Manche Omis klopfen Schnitzel mit einem Hammer. Brigitte Kup (62) pfeffert Hämmer lieber durch die Gegend. Ihr Rekord: 22 Meter.
Seit ihrem Ruhestand ist sie leidenschaftliche Kugelstoßerin und Hammerwerferin. „Das is’ nix für leichte Püppies“, lacht die Großmutter, als sie den Hammer aus dem Schuppen holt. „Aber das war ich noch nie.“ Top gestylt mit Lippenstift steht die zweifache Oma auf dem Leichtathletikplatz des Willi-Sänger-Stadions und schwingt die Kugel.
Im Fernsehen hat sie vor zwei Jahren die Leichtathletik-Seniorenmeisterschaften gesehen: „Ich hab mich danach sofort informiert, wo ich mich in Berlin anmelden kann.“ Mit Kugelstoßen begann sie vor zwei Jahren. Heute ist sie Meisterin im Hammerwerfen von Berlin-Brandenburg, norddeutsche Vizemeisterin, und an diesem Wochenende tritt sie in Minden bei den deutschen Seniorenmeisterschaften an.
Ist Hammerwerfen wirklich die richtige Sportart für Senioren? „Warum denn nicht? Ich habe großen Spaß daran und nächstes Jahr ist die Europameisterschaft dran“, sagt die ehemalige Veterinäringenieurin.
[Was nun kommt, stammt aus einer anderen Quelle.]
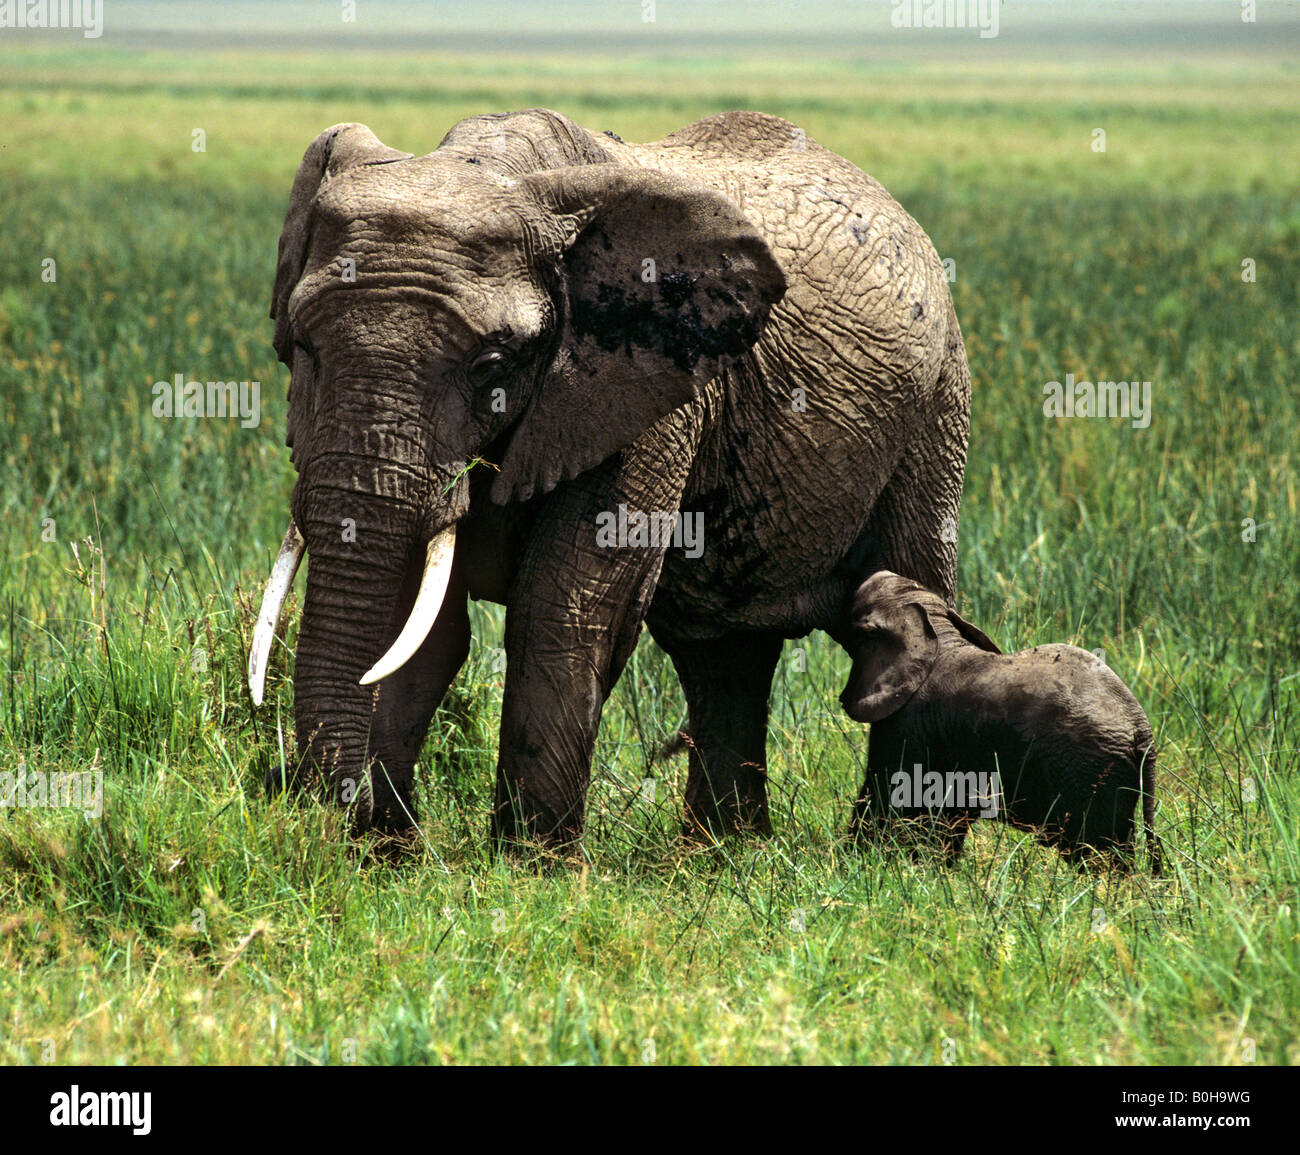 Bush africain - ou de savane Elephant (Loxodonta africana) et ses jeunes, la réserve naturelle de Masai Mara, Kenya Banque D'Images

Kup steht mit ihrer späten Leidenschaft nicht allein da. Der Landessportbund bestätigt über 95.500 aktive Senioren, die älter sind als 61. „Zweimal die Woche gehe ich ins Stadion, trainiere.“
Ab und zu ist sie allerdings wirklich Oma und geht mit ihren Enkeln (7 und 8) Eis essen oder in den Tierpark. „Die finden ihre schlagkräftige Oma richtig cool!“
Völlig unbeeindruckt von einer halben Stunde Showtraining für den KURIER, hängt Brigitte Kup das Wurfeisen dann wieder in den Schuppen. Diese Oma ist echt der Hammer!